Half precision gets you to 2 bytes. Quantization goes further — down to roughly half a byte per weight (4 bits) — and it’s how people run genuinely large models on modest GPUs.

The plain-English version: a weight is just a number, and you don’t actually need 32 bits of precision to store “approximately 0.37.” Quantization stores each weight with far fewer bits — packing the values into a smaller range and remembering a little scaling info to undo it. The model takes up much less VRAM. The cost is a small, usually-tolerable drop in quality, because you’ve rounded off some precision. For a 7B model: 28 GB → ~14 GB (fp16) → ~4-5 GB (4-bit). That’s the difference between “won’t load” and “loads with room to spare on a free T4.”

You turn it on with BitsAndBytesConfig:

from transformers import AutoModelForCausalLM, AutoTokenizer, BitsAndBytesConfig

bnb = BitsAndBytesConfig(load_in_4bit=True)

name = "Qwen/Qwen2.5-0.5B-Instruct"   # illustrative; you'd reach for this with a 7B+ model
tokenizer = AutoTokenizer.from_pretrained(name)
model = AutoModelForCausalLM.from_pretrained(
    name,
    quantization_config=bnb,
    device_map="auto",
)

Two requirements worth burning into memory: 4-bit quantization needs the bitsandbytes package, and it needs an actual CUDA GPU. There is no CPU fallback — try this on a CPU-only runtime and you’ll get an error, not a slow result. Turn the GPU on first.

(Quantizing a 0.5B model is overkill — it already fits in a few hundred MB. It’s here so you can see the exact code that works unchanged when you swap in a model 15× the size.)

When the free GPU still isn’t enough

Honesty time: the tricks have limits. A 4-bit 13B model fits on a T4. A 70B model does not — even in 4 bits it wants ~40 GB, and the T4 has 16. When you hit that wall, your options are:

• A bigger GPU — Colab Pro (L4, A100) or a cloud instance. More VRAM, the same code.
• A smaller model — there is almost always a 7B or 8B version of the thing you want, and for most tasks it’s 90% as good. Reach for it first.
• A hosted API — for the truly huge models, let someone else own the hardware and call an endpoint. Not PyTorch anymore, but often the right call.

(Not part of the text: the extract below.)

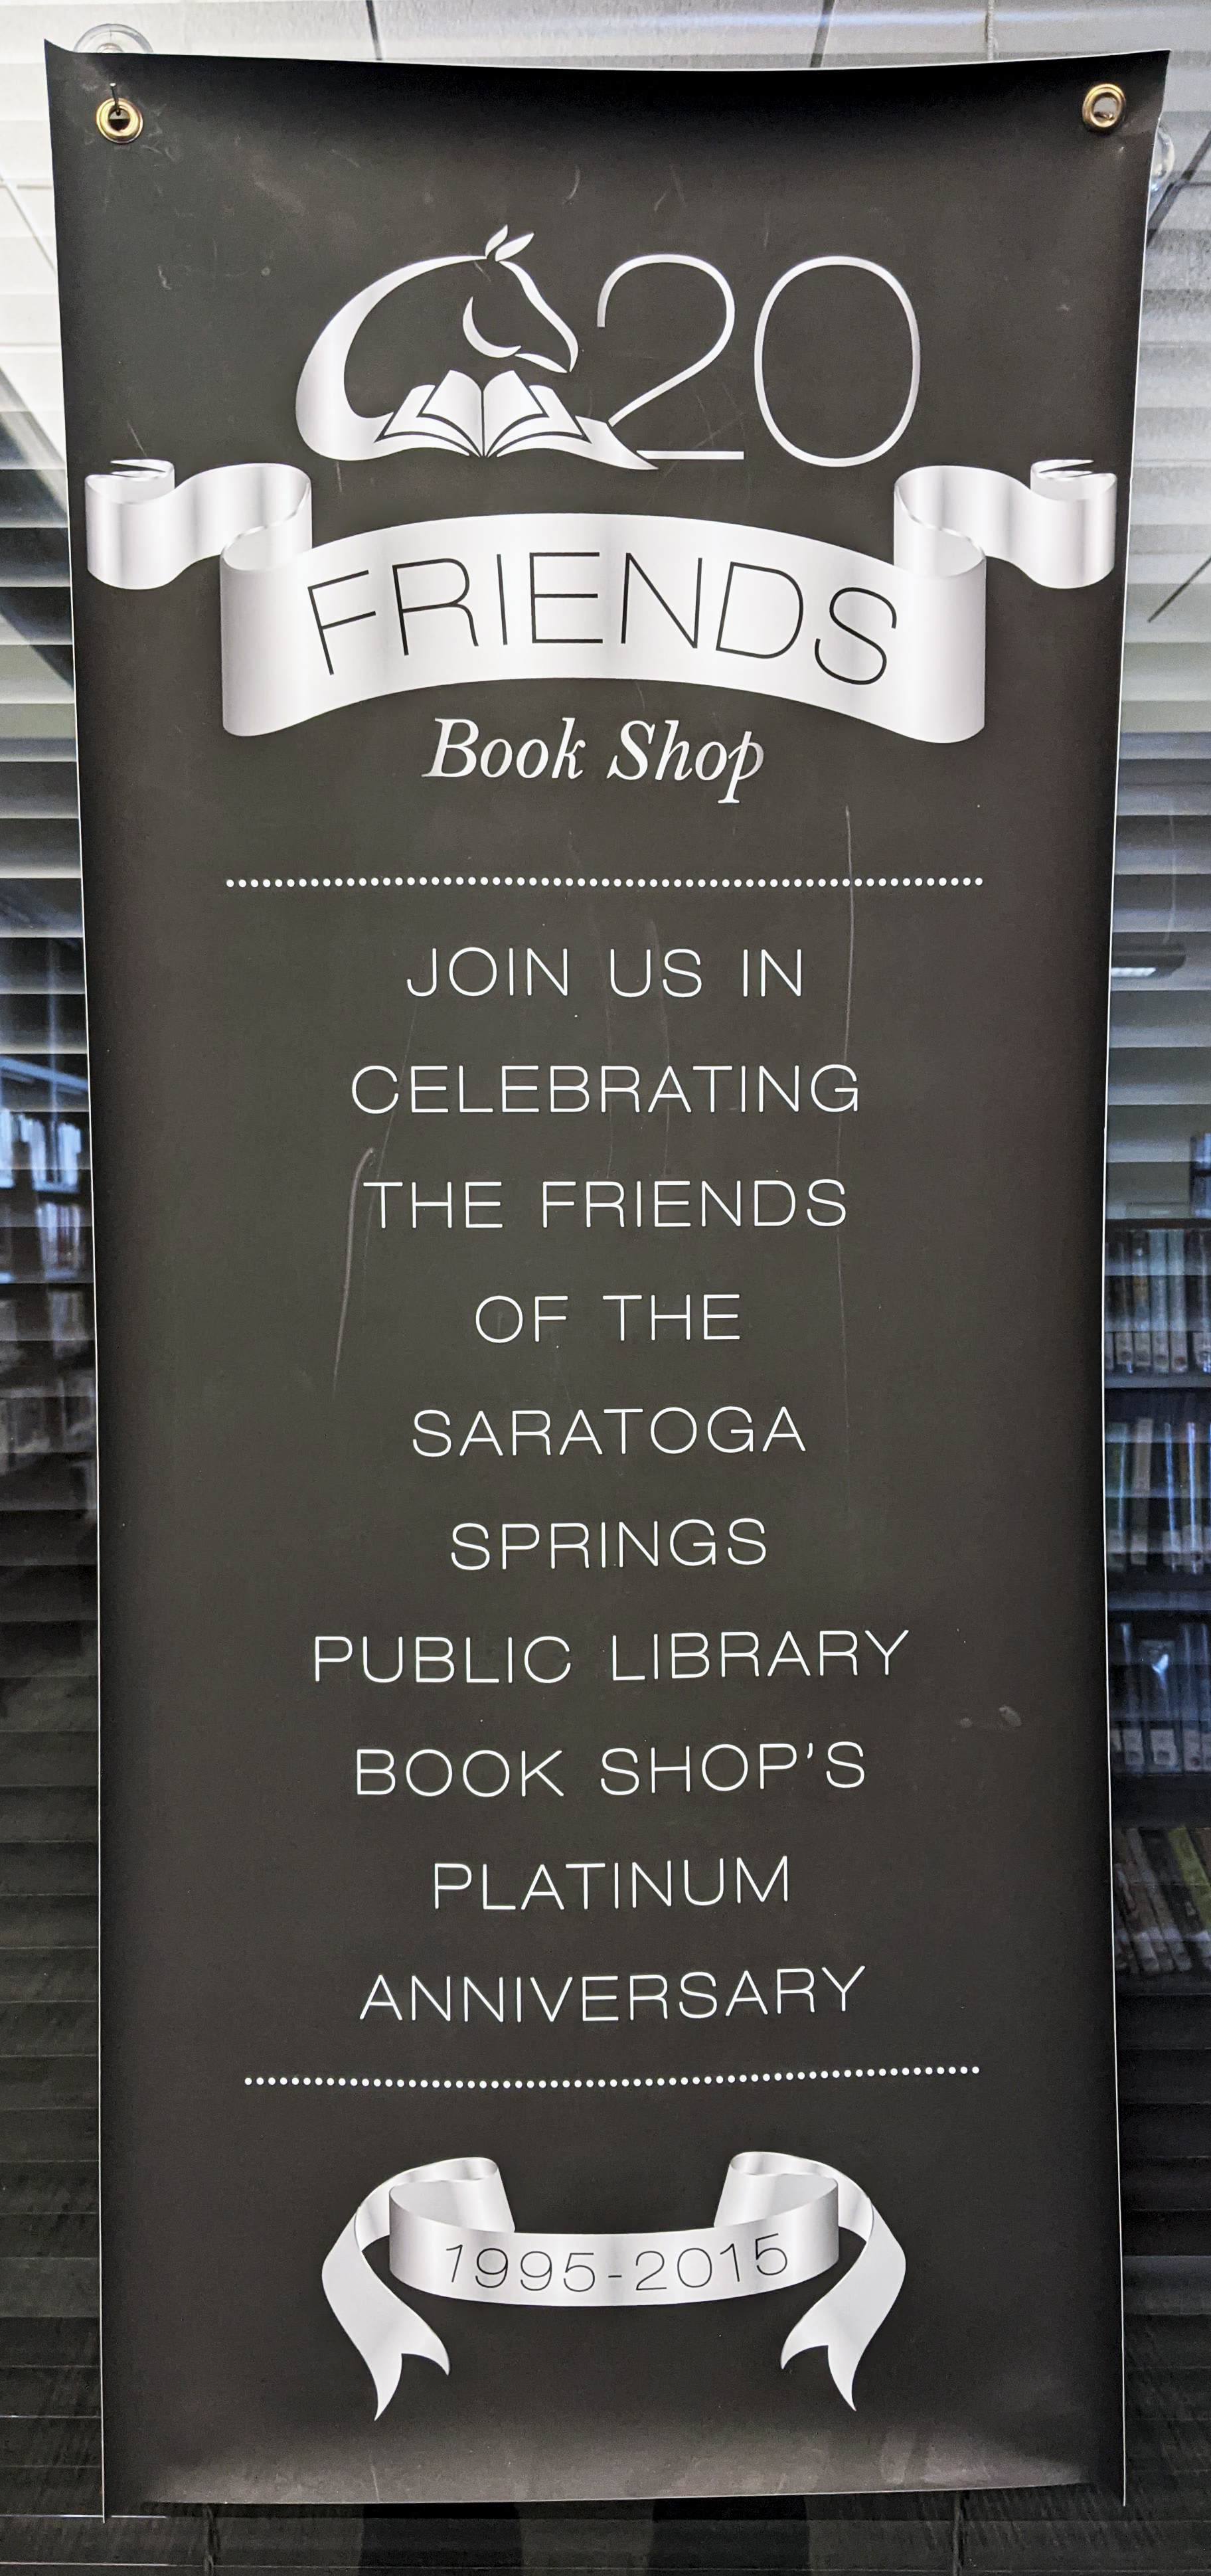 A banner celebrating the Friends’ Book Shop’s longtime service.

The skill isn’t squeezing a 70B model onto a free T4 — it’s recognizing when you can’t, and reaching for the right-sized model instead of the biggest one.

Gotchas

• CUDA out of memory is the error you’ll meet most. It means the weights don’t fit. Fix it in order: add torch_dtype=torch.bfloat16, then 4-bit quantization, then a smaller model, then a bigger GPU. Restart the runtime between attempts — a failed load can leave junk in VRAM.
• The license applies to you, not Hugging Face. Downloading a non-commercial model and shipping it in a product is on you. Check the card before you build, not after legal asks.
• Gated models need login and acceptance. Logging in isn’t enough — you also have to click “Agree” on the model’s page. If you get a 401/403 after login(), you skipped the form.
• 4-bit quantization needs a GPU and bitsandbytes. No CUDA device, no quantization — full stop. And bitsandbytes versions occasionally lag behind new GPUs, so if it errors on exotic hardware, that’s usually why.
• device_map="auto" needs accelerate. Forget to install it and you’ll get an import error pointing right at it. pip install accelerate and re-run.
• Quantization is for inference, not learning. Running a quantized model to get outputs is what we’re doing here; training one is a different, fussier thing that lives in Phase II.

What’s next

You can now find a model, vet its card and license, and squeeze a surprisingly large one onto a free GPU. That’s the last piece of the foundation. In the finale we put it all together: Part 9 — Capstone: Build a Model App, where you wrap a pretrained model into a tiny shareable app — input box, output, a URL you can send to someone — and close out Phase I with something you actually built.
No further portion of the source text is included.